3.4. Démonstration in vitro de HGT par conjugaison chez M agalactiae

3.4.1. Transfert des ICE de mycoplasmes

Le transfert horizontal des ICE n'a été à ce jour exploré que chez M. agalactiae. Le premier transfert a été démontré entre la souche 5632, qui possède 3 copies d’ICE et la souche PG2, dépourvue d'ICE (Dordet Frisoni et al. 2013). Des expériences d’accouplement (appelé mating) ont été réalisées avec la souche 5632 portant un marqueur de résistance inséré dans l’ICE et la

61 souche PG2 portant un autre marqueur de résistance inséré dans le chromosome (Figure 20).

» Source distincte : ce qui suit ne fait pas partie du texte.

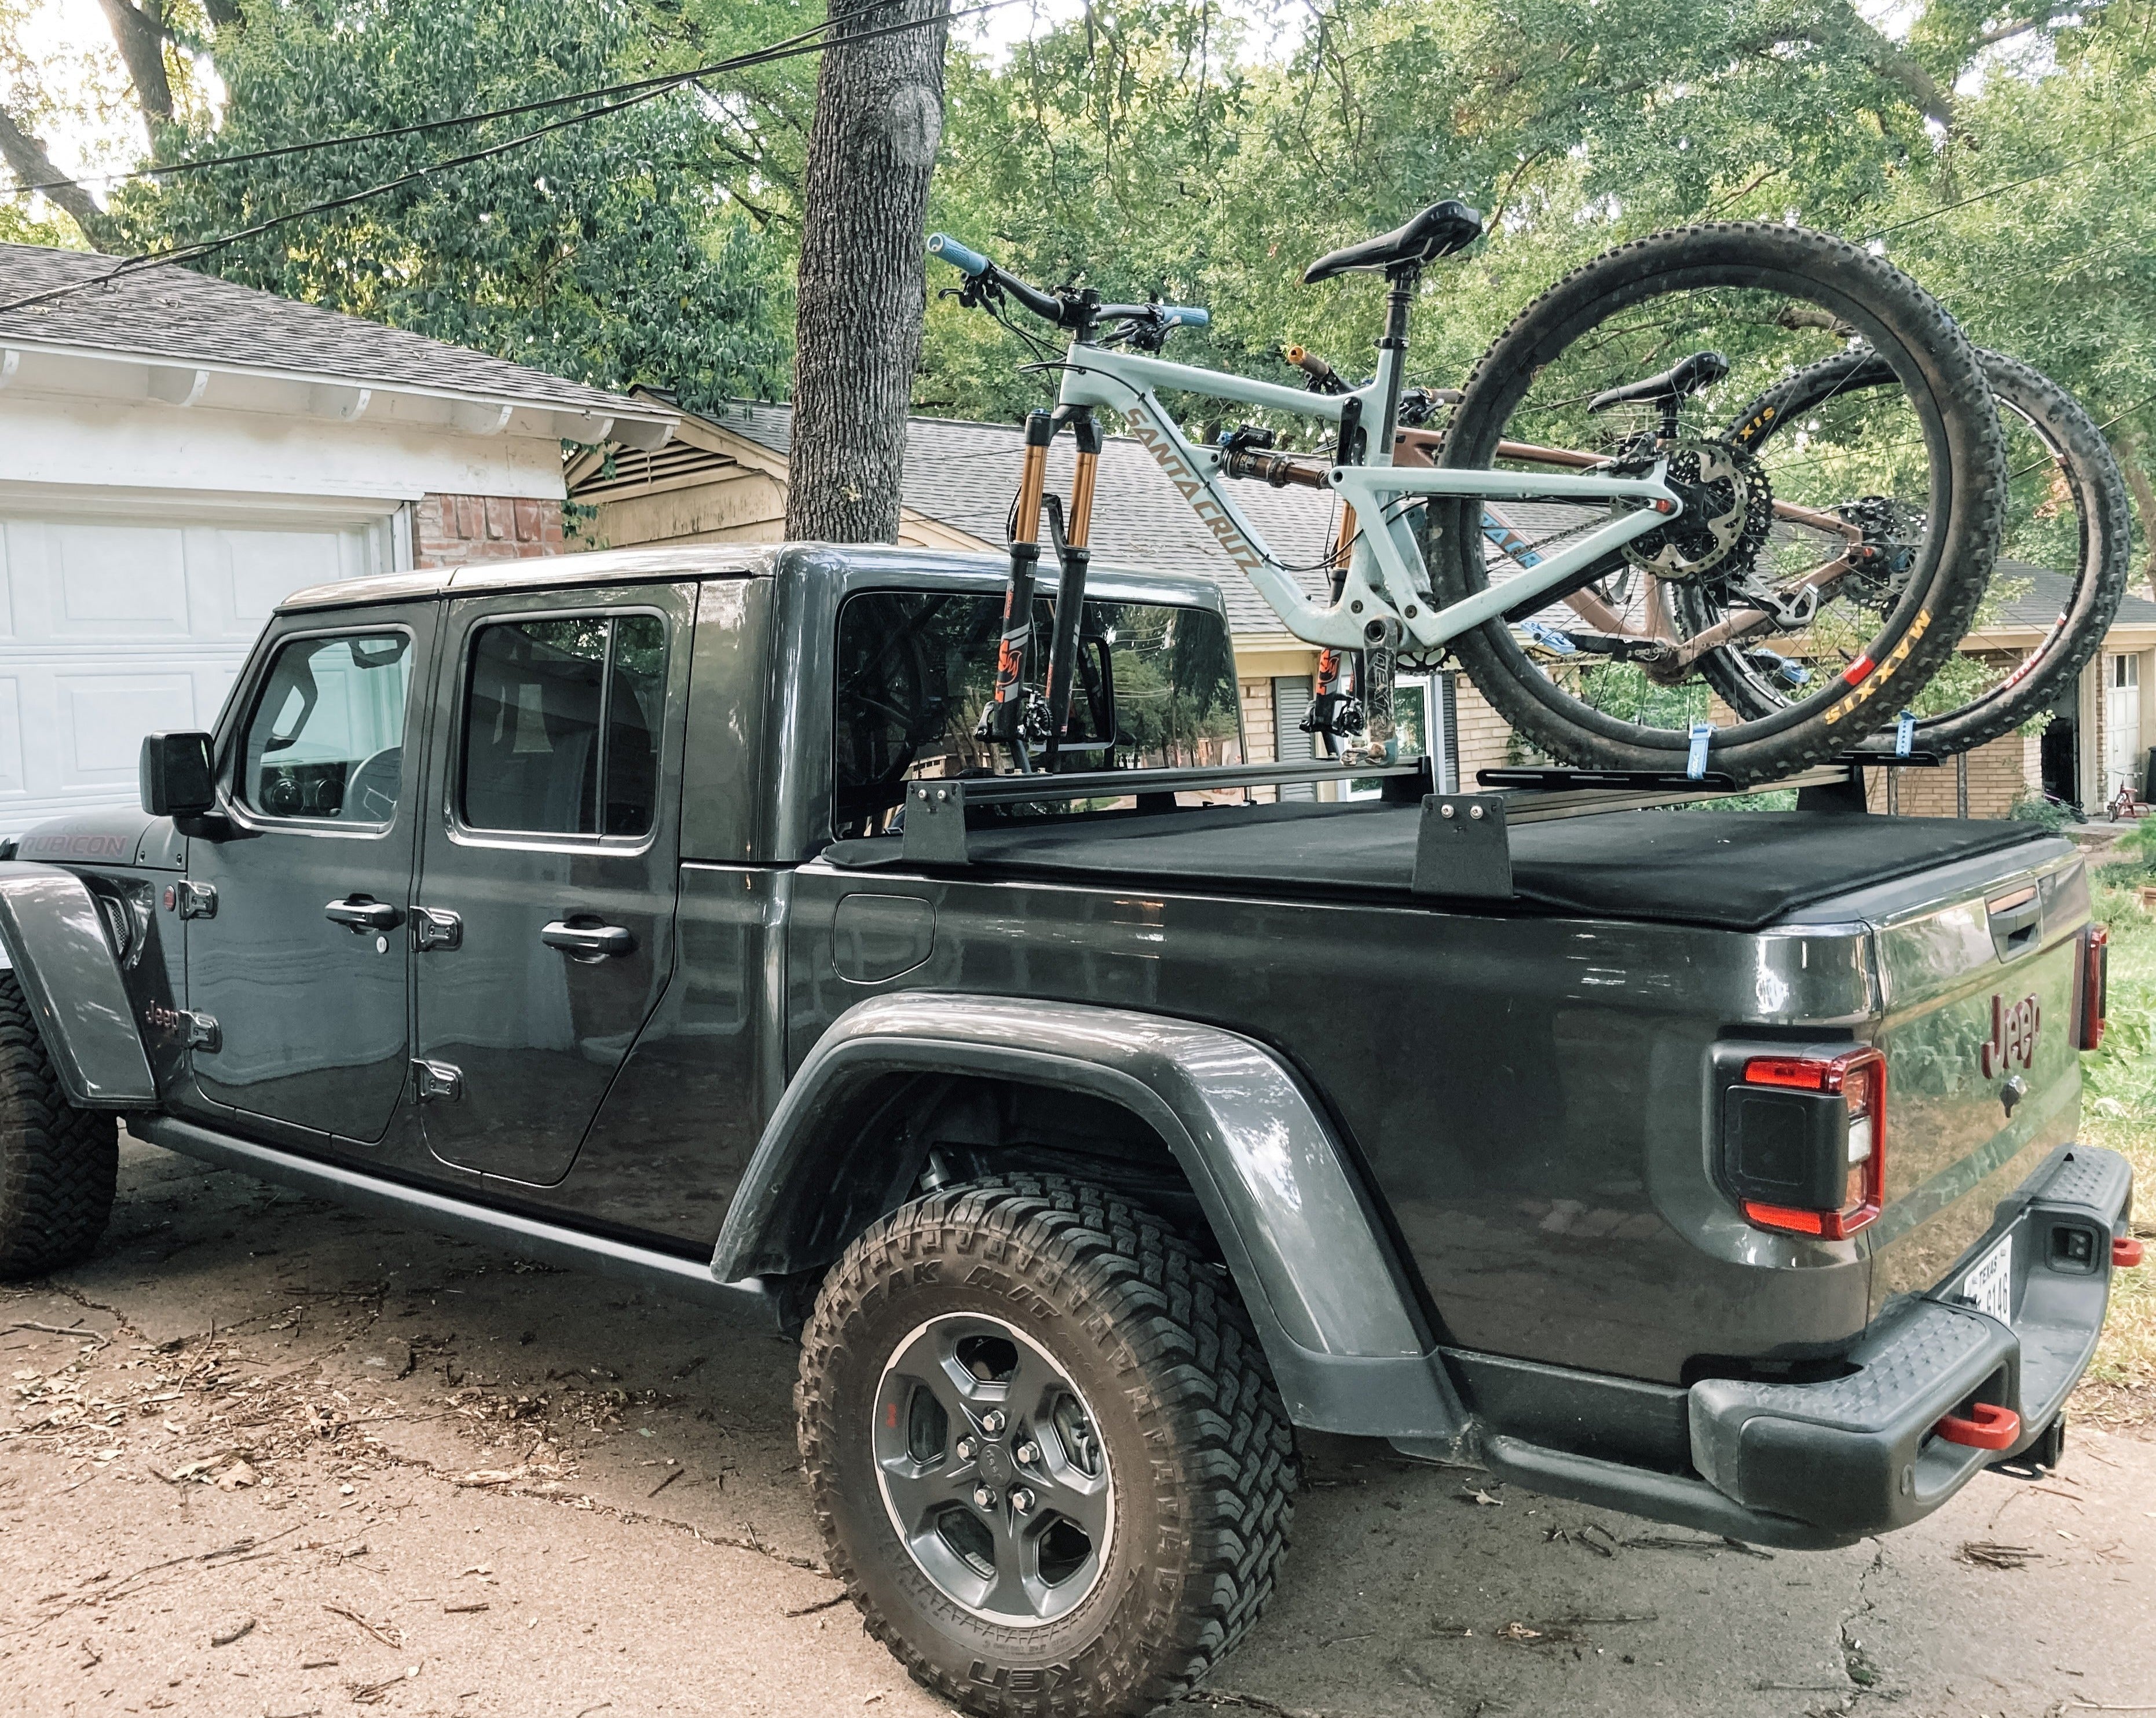 BillieBars - Bike Bundle with DropTop Fork Mount

Les phénomènes de transfert conjugatif observés se produisent à une fréquence très faible, de l'ordre de 1.10-8 transconjugants/CFU donneur, et l’intégration des ICE se fait de façon aléatoire dans le génome. L’acquisition d’un ICE confère des capacités de conjugaison à la cellule receveuse. En effet, la souche PG2 qui a acquis un ICE peut ensuite la transférer à d’autres souches (Figure 20).

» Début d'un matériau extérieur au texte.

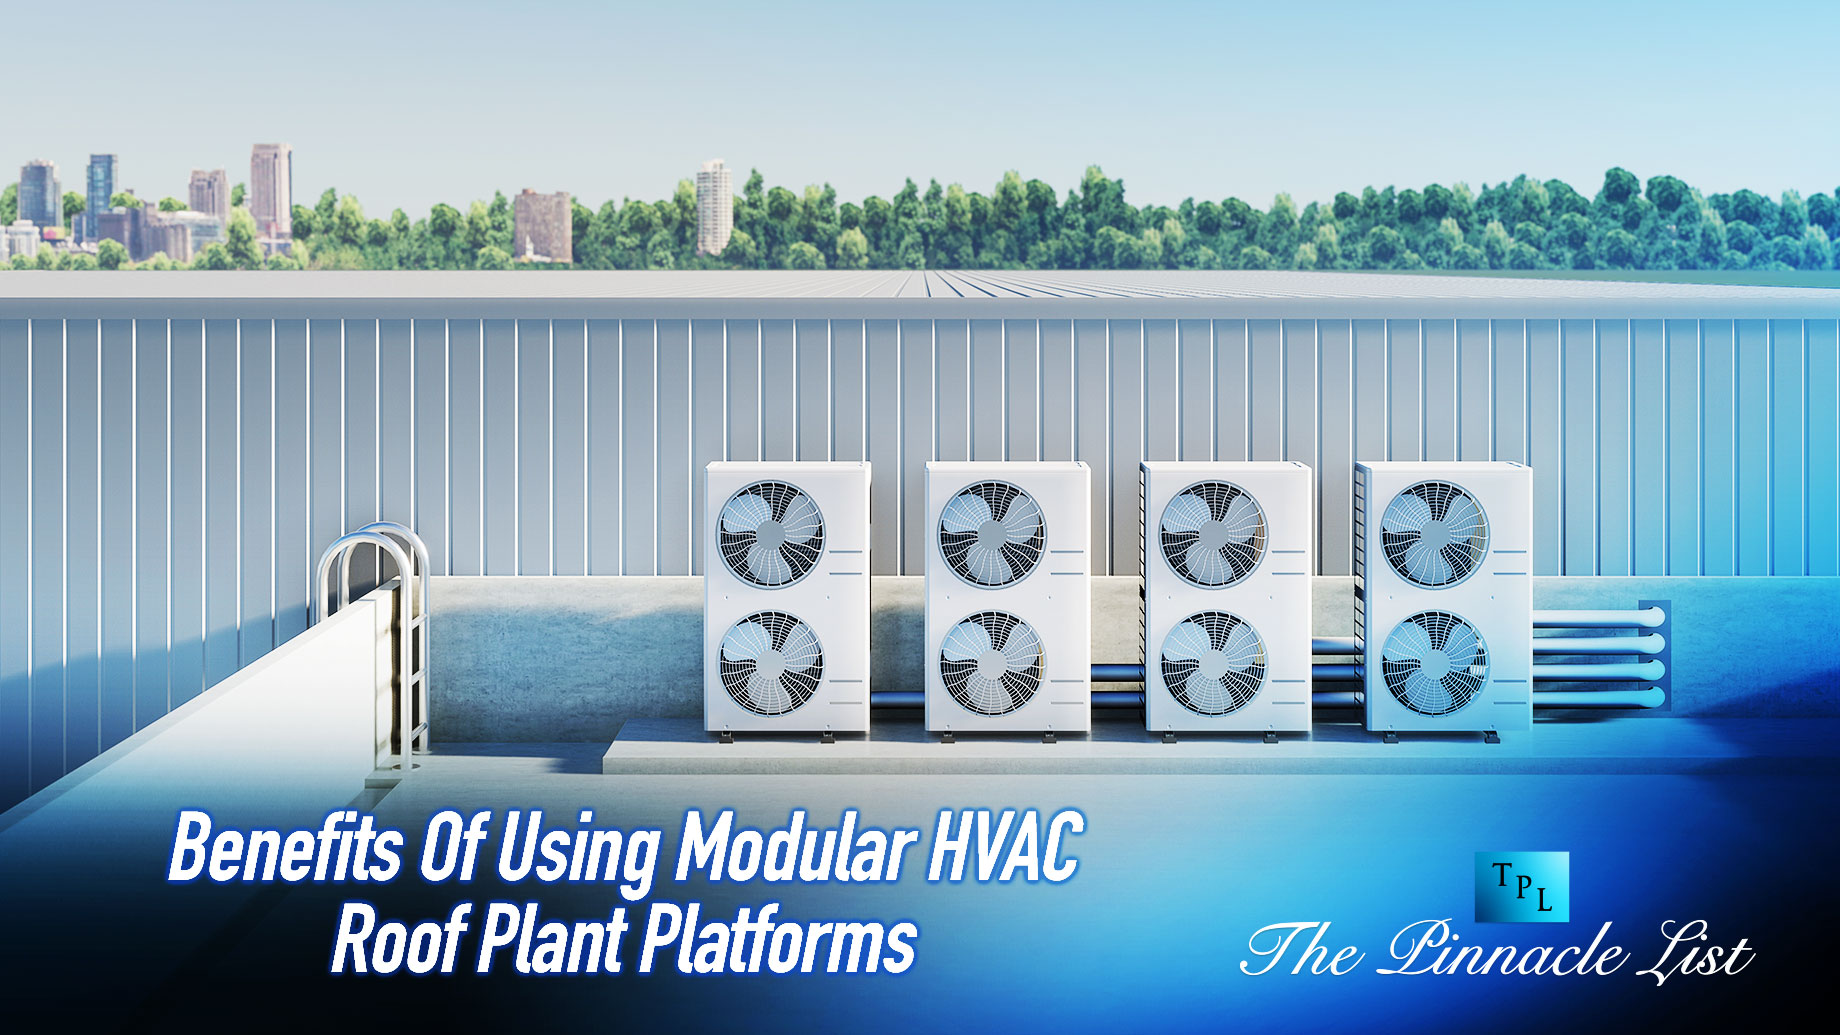 Benefits Of Using Modular HVAC Roof Plant Platforms

Figure 20: Transfert de l'ICE chez M. agalactiae.

Expériences de mating réalisées avec les souches 5632 et PG2. Les petits ronds indiquent les marqueurs de résistance à la gentamicine (G) à l'enrofloxacine (E) et à la tétracycline (T). Les ICE sont représentés en noir (adaptée de Dordet Frisoni et al. 2013).

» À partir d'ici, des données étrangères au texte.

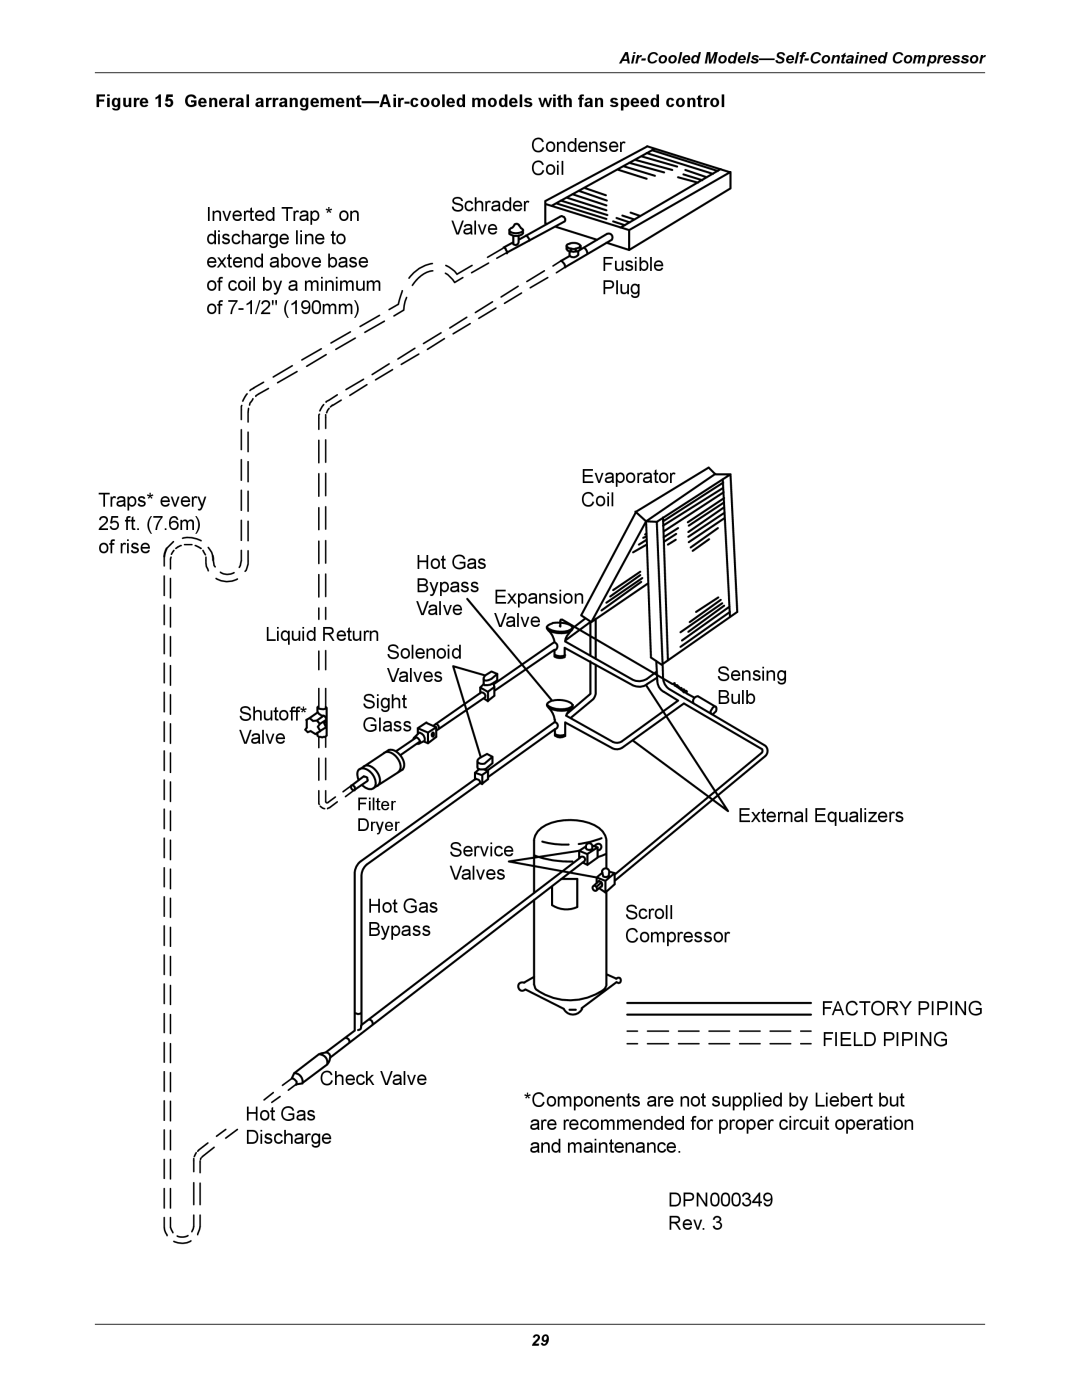 Emerson 3000 installation manual Condenser Coil Schrader Valve Fusible Plug

Les ICE s’excisent et se circularisent par recombinaison au niveau de DR de 8 pb, formant ainsi une jonction de 6 pb. L'excision et la recombinaison des ICE se font grâce à la CDS22, une recombinase de type DDE, faisant partie de la famille des "Mutator like" (Guérillot et al. 2014). Ce type de transposase est principalement retrouvée associée à des transposons chez les autres bactéries. Une DDE transposase est également impliquée dans le transfert de certaines ICE chez Streptococcus mais dans ce cas leur intégration s'effectue au niveau de régions promotrices, et non aléatoirement comme chez les mycoplasmes (Brochet et al. 2009). Un locus de 7 protéines comportant des domaines transmembranaires (CDS5-CDS19) est porté par l'ICE, il contient les CDS5 et CDS17 (Figure 21). CDS5 est une protéine de couplage et CDS17 une ATPase permettant le transport d'ADN. Ce locus pourrait constituer le pore de conjugaison par lequel l'ADN est transféré.

62 Des expériences de mutagénèse par transposition ont permis d'identifier de nombreuses CDS essentielles au transfert de l'ICE (CDS1, A, C, 5, 7, 15, 16, 17, 19, 14, 30, G, 22) (Figure 21). La CDS14 est une lipoprotéine exprimée à la surface et requise pour le transfert. Son inactivation peut être complémentée par un vecteur contenant le gène sauvage qu'il soit chez la donneuse ou chez la receveuse. Son rôle supposé est d'établir un contact entre les cellules afin d'initier le processus de transfert (Dordet Frisoni et al. 2013; Baranowski et al. 2018). Lorsque plusieurs copies d'ICE sont présentes, comme c'est le cas chez la souche 5632, un phénomène de trans- complémentation entre les différentes copies d'ICE a lieu pour la CDS14, mais pas pour d’autres CDS essentielles au transfert, comme les CDS5 et CDS22 (Baranowski et al. 2018).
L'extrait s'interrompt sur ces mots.